I hadn't worked up a why. I knew I found her beautiful and exotic and was hoping to get a chance to see her outside of her official duties where I could try to be at least a little winning on my own. That kind of thing's tough in handcuffs.

“Well,” I said. “I thought we could talk.”

“About what?”

“Just, you know, get to know each other.”

“I know a lot about you already.” With that she opened her middle drawer and drew out a manila folder. It had a few typed pages in it. “Kendell gave me this.” She ran her finger down the top sheet. “Born in March of 1975. Roanoke, Virginia. Four years in the marines. Six different police jobs in twelve years. One ex-wife. One daughter. Deceased. Independently wealthy somehow. Kendell had thoughts on that.”

“‘No thanks' would have worked just fine,” I told her and stood up like I'd be leaving.

“Sit down.”

I did.

“June 1980. Clarksdale, Mississippi. Two years in the marines. Two different police jobs—Baton Rouge and here. One husband. Deceased. One son. He eats, too.”

I was upset with the woman for not just saying no. So it took me a quarter minute to figure out what was going on.

“That's a yes?”

“Let me change. Pick up CJ. Shotgun House all right? He'll eat about anything there.”

“Yeah. Great. Am I meeting you there?”

She nodded. “When you hit the levee, turn left.”

She shut my folder, dropped it into her drawer, and closed it.
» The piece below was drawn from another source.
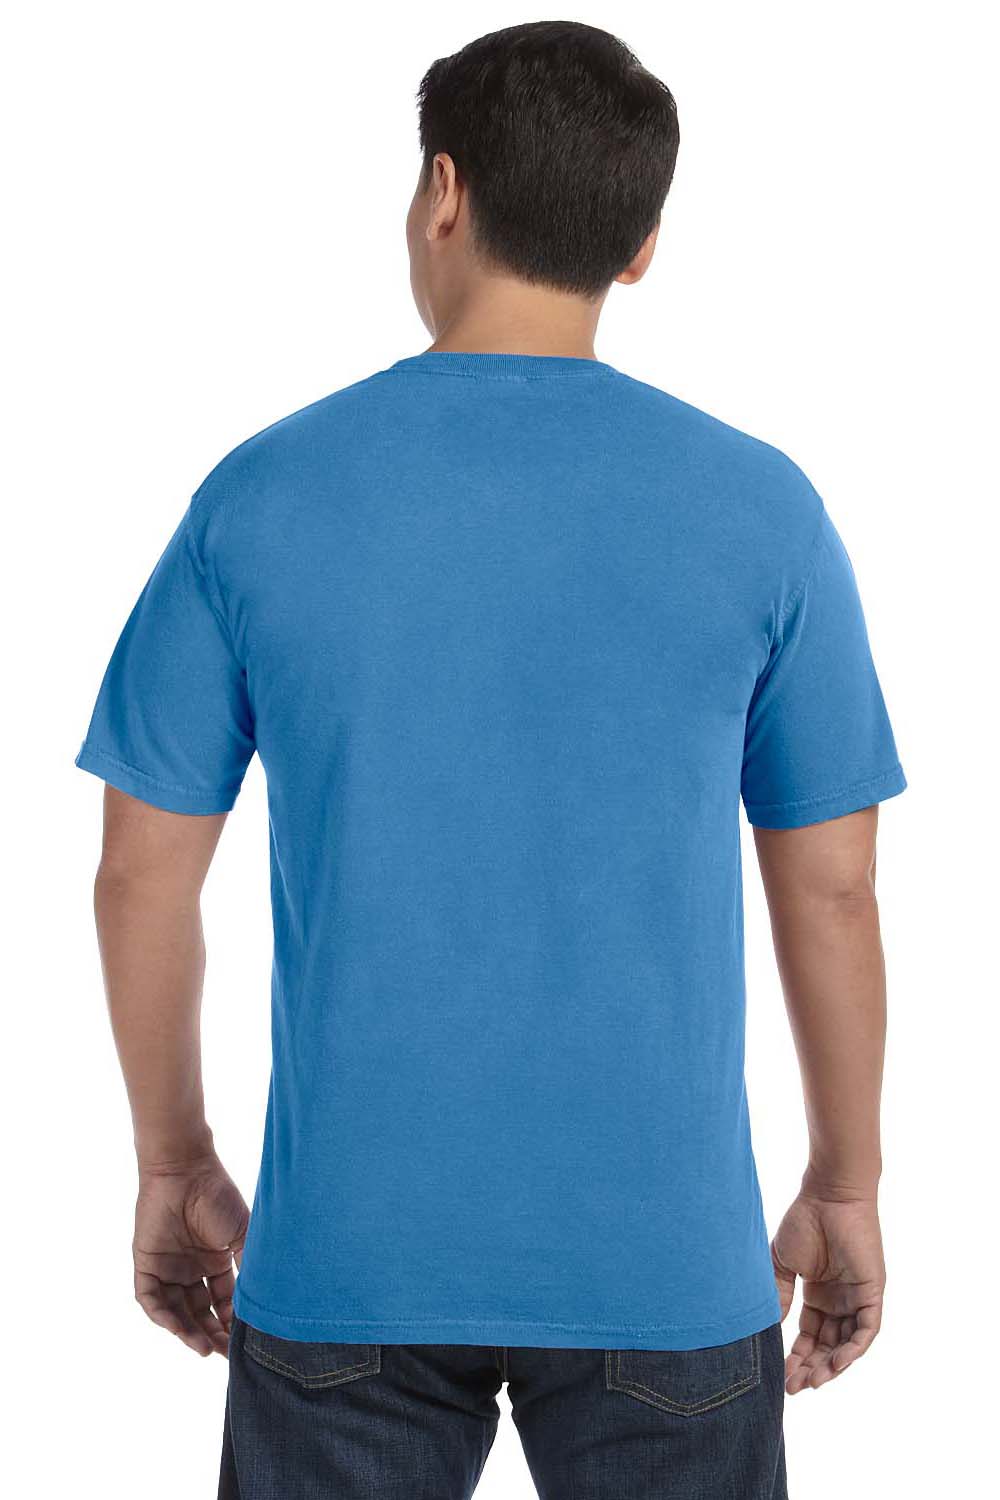 Comfort Colors C1717 Mens Short Sleeve Crewneck T-Shirt Royal Blue Caribe Back

“What else did Kendell tell you?”

“Told me you'd ask me that.”

I headed for the squad room door.

“Hey,” she said.

I turned around.

“Keep your money. Teddy eats it.”

Damned if he wasn't chewing my twenty when I passed him in the hall.

*   *   *

The Shotgun House turned out to be a joint—barbecue and burgers and even alligator, battered and fried. There was a bar crowd drinking Bud Lights and eating crawfish straight off tin trays and then a room to the side with tables where there were a few kids eating already.

“One, hon?” The waitress was the hostess as well. She had a couple of pencils stuck in her hair and a basket of fritters in hand.

“Three,” I told her with, I guess, comical manly pride.